# Where is WGN HD?? It is up and it is good! AVAILABLE!



## 0pusX (Jan 11, 2008)

On charlie chat they said it ws at 239. I turn on 239 and see nothing but regular wgn9 out of chicago.


----------



## mattzane227 (Jun 10, 2008)

It launches tomorrow. (Wednesday)


----------



## 0pusX (Jan 11, 2008)

ohhhhhhhhhh i could have sworn he said if you turn it on you will see it now. 

Thanks!!!


----------



## davethestalker (Sep 17, 2006)

Actually, our 239 is the "Superstatiion WGN", which has different programming from Chicago viewers watching Channel 9. Which sucks!

Either way, the owners of the Cubs suck, they have bowed down before the alter of Concast. Even though I'm close enough to get Concast Chicago Sports, I can't watch any of the Chicago sports.


----------



## Yes616 (Sep 6, 2006)

Actually the national feed is now called "WGN America". They dropped the word "SuperStation".

The EKB pages need some updating about this. Not the main chart Tony, but on the programming pages.


----------



## 0pusX (Jan 11, 2008)

I feel the same way Dave. Im up in St. joe


----------



## kstevens (Mar 26, 2003)

Yes616 said:


> Actually the national feed is now called "WGN America". They dropped the word "SuperStation".
> 
> The EKB pages need some updating about this. Not the main chart Tony, but on the programming pages.


What package is required for the WGN america feed?

Thanks,

Ken


----------



## Leprechuan (Apr 18, 2007)

It's coming.

"Soon".


----------



## davethestalker (Sep 17, 2006)

Yes616 said:


> Actually the national feed is now called "WGN America". They dropped the word "SuperStation".
> 
> The EKB pages need some updating about this. Not the main chart Tony, but on the programming pages.

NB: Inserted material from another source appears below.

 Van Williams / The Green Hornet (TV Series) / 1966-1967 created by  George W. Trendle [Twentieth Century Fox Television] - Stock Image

So, why do people in Chicago have Reba coming on next and we have Sister, Sister?

2 feeds, that's why.

I don't care what they call it, that's not what is important.


----------



## James Long (Apr 17, 2003)

WGN America is not a superstation. TBS is not a superstation.

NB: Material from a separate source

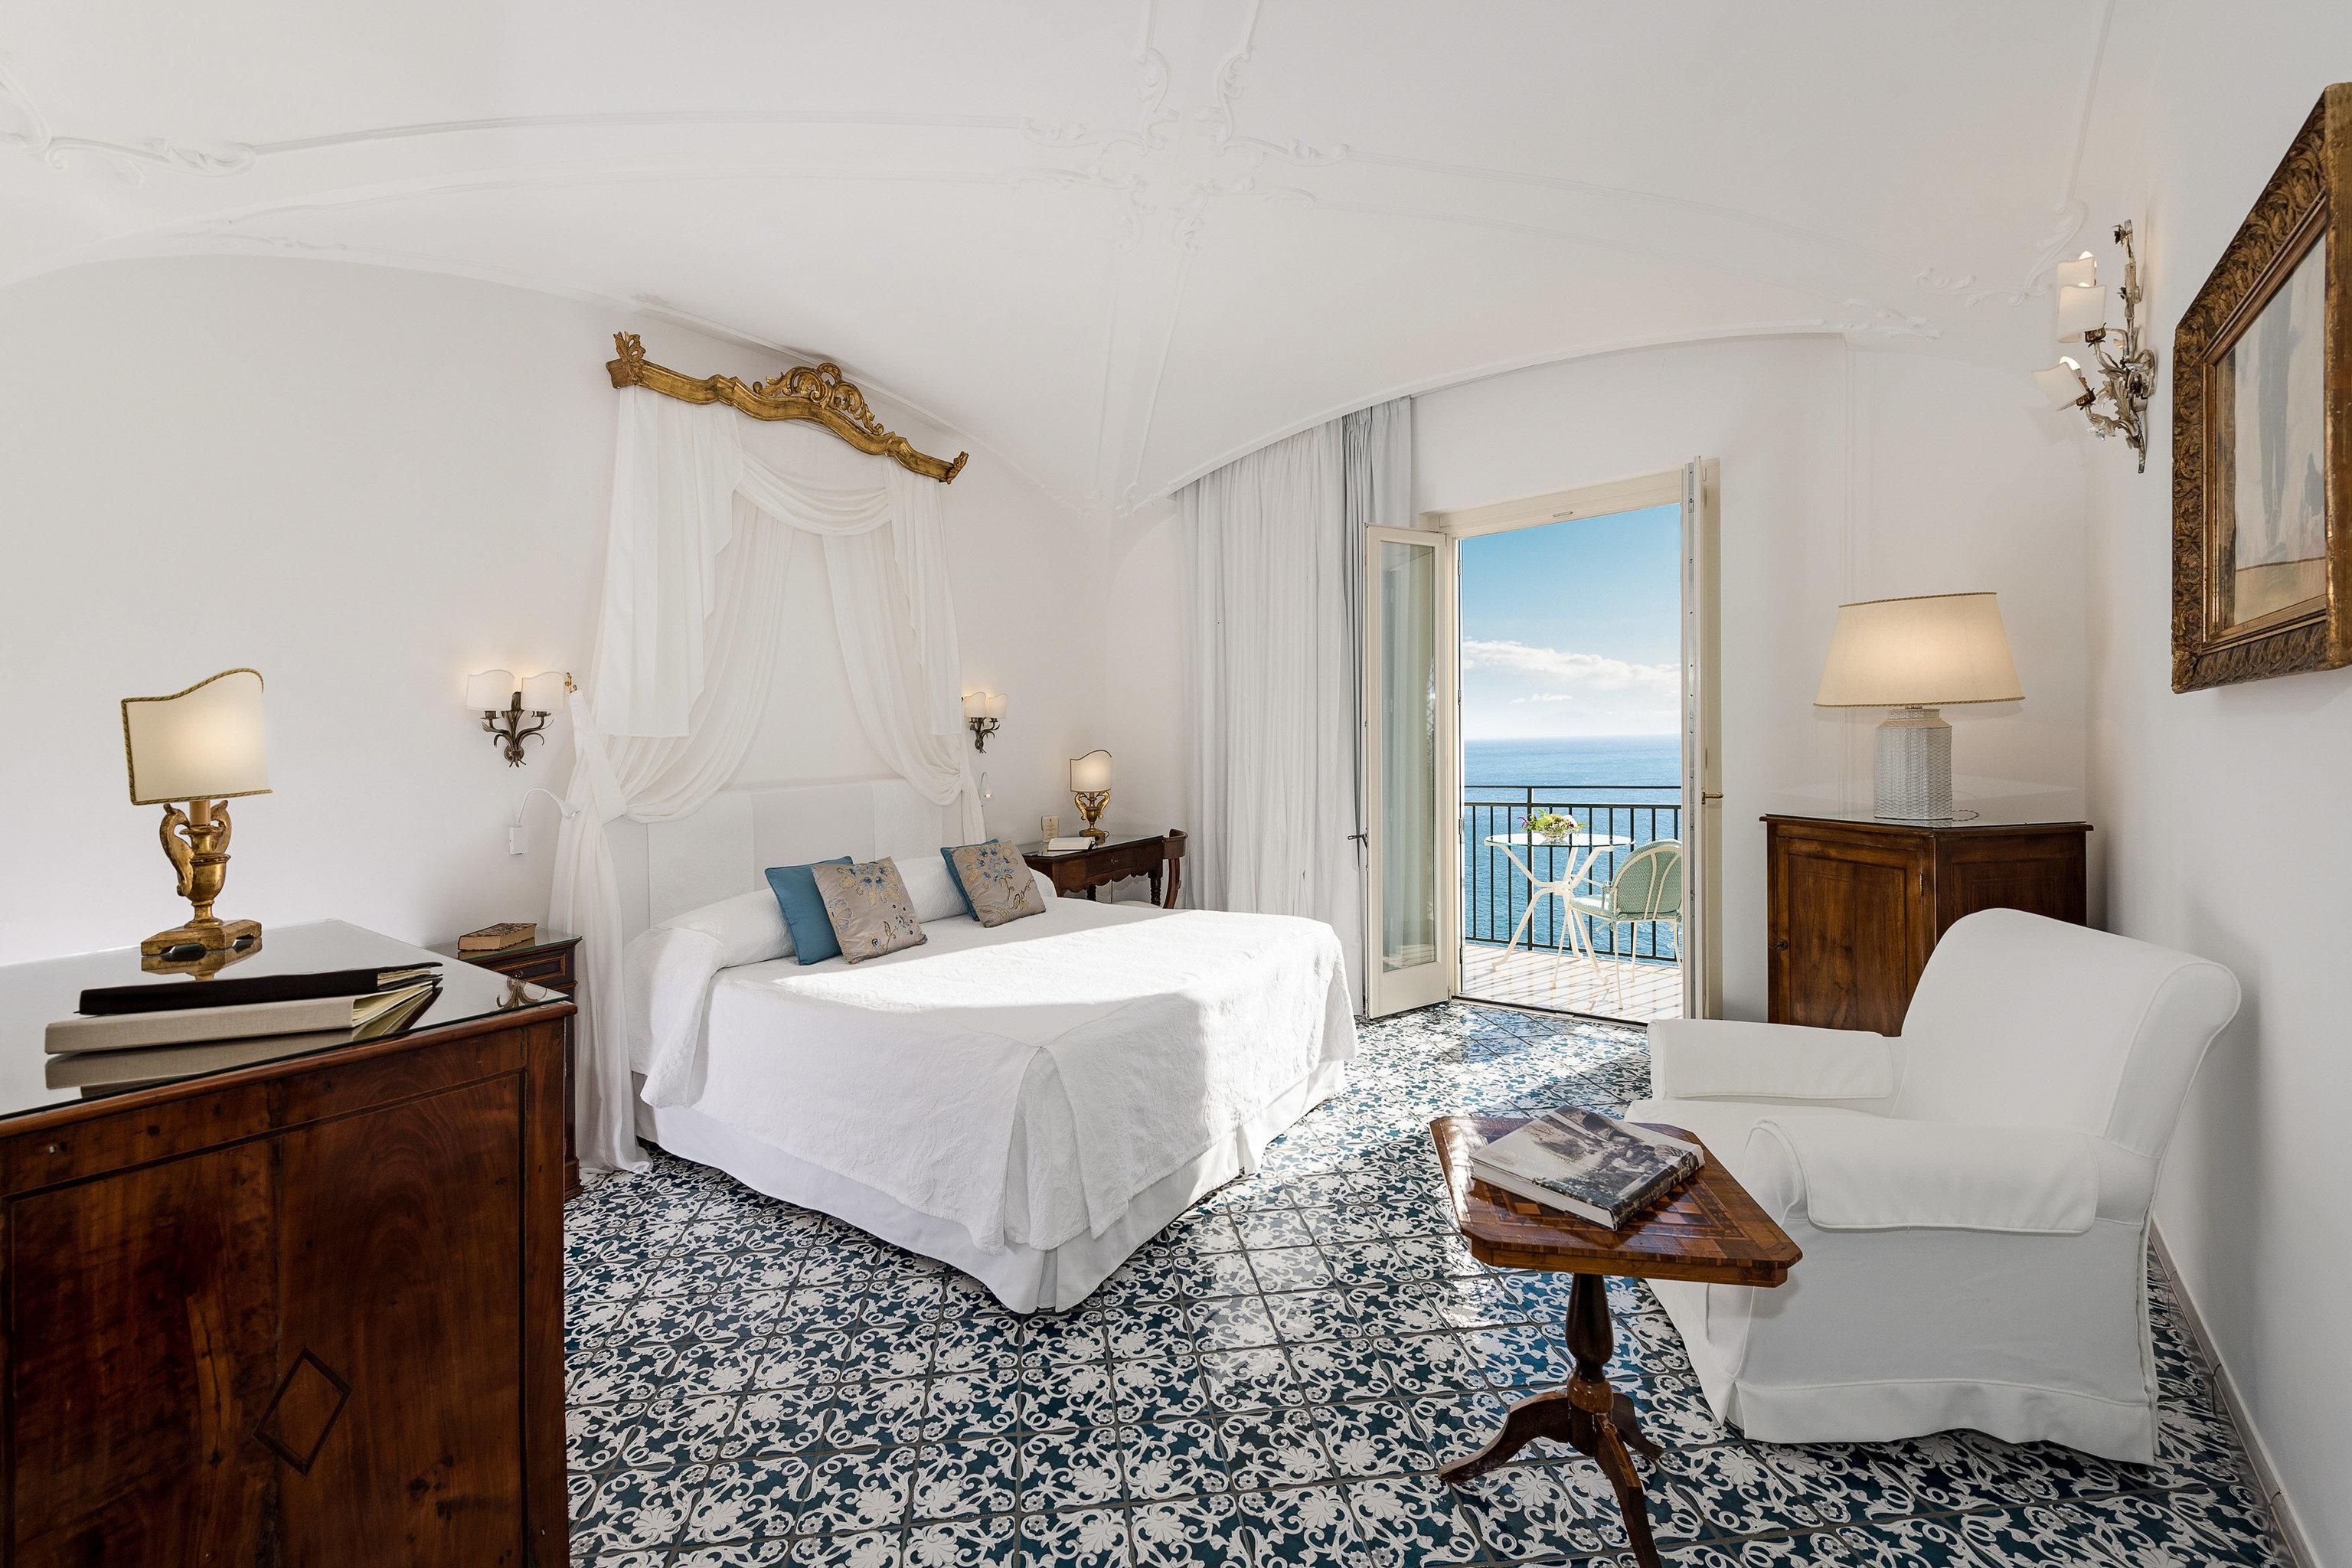 Hotels Romance Travel Tech Travel Tips Suite Bedroom comfort

Historically they were superstations, but the feed we now see outside of the normal market area is no longer the feed of the local station. WGN America programming lineup is similar to WGN9 ... but it isn't WGN9 offered as a superstation.


----------



## nmetro (Jul 11, 2006)

From my understanding, WGN America replicates WGN 9 except for CW programming. Can a person from Chicago confirm this?

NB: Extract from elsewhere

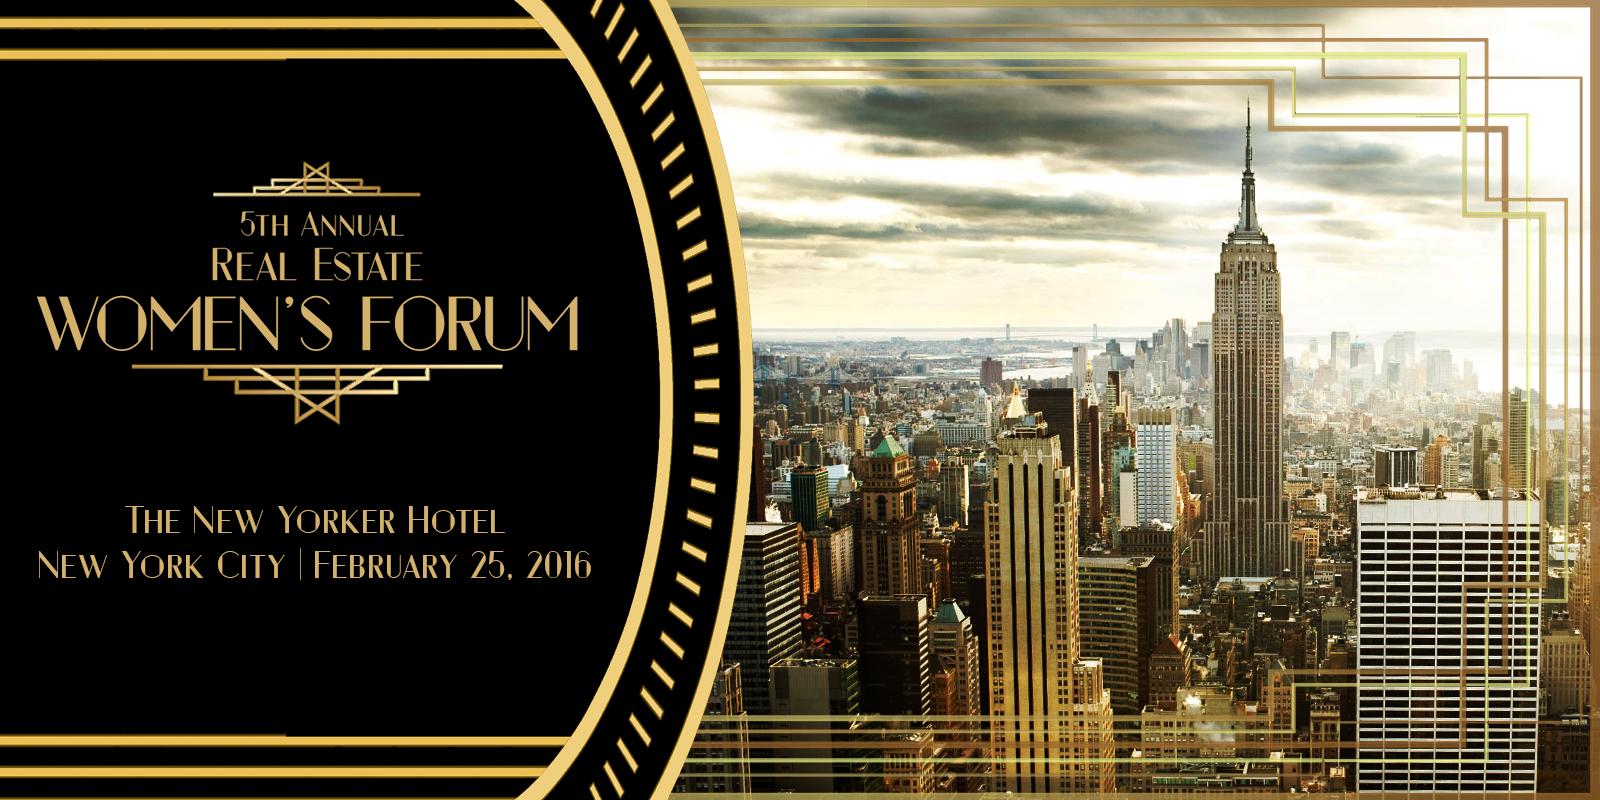 5th Annual Real Estate Women's Forum

In regards to TBS, it used to be a complete uplink of WTCG 17 Atlanta, which eventually became WTBS 17 Atlanta. Unlike WGN, TBS Superstation content does not resemble the programming on WTBS 17. Can a person from Atalanta confirm this?

In regards to KWGN 2, Denver, I can confirm the content offered locally is the same content uplinked to satellite. This looks like the case form WWOR 9 New York, WPIX 11 New York and WSBK 38 Boston; the other "superstations".


----------



## sitruc (Sep 13, 2006)

As long as WGN America carries 'Corner Gas' I'll be a happy camper!


----------



## calgary2800 (Aug 27, 2006)

So everyone gets to see the Cubs in HD all the time right?


----------



## kal915 (May 7, 2008)

> In regards to TBS, it used to be a complete uplink of WTCG 17 Atlanta, which eventually became WTBS 17 Atlanta. Unlike WGN, TBS Superstation content does not resemble the programming on WTBS 17. Can a person from Atalanta confirm this?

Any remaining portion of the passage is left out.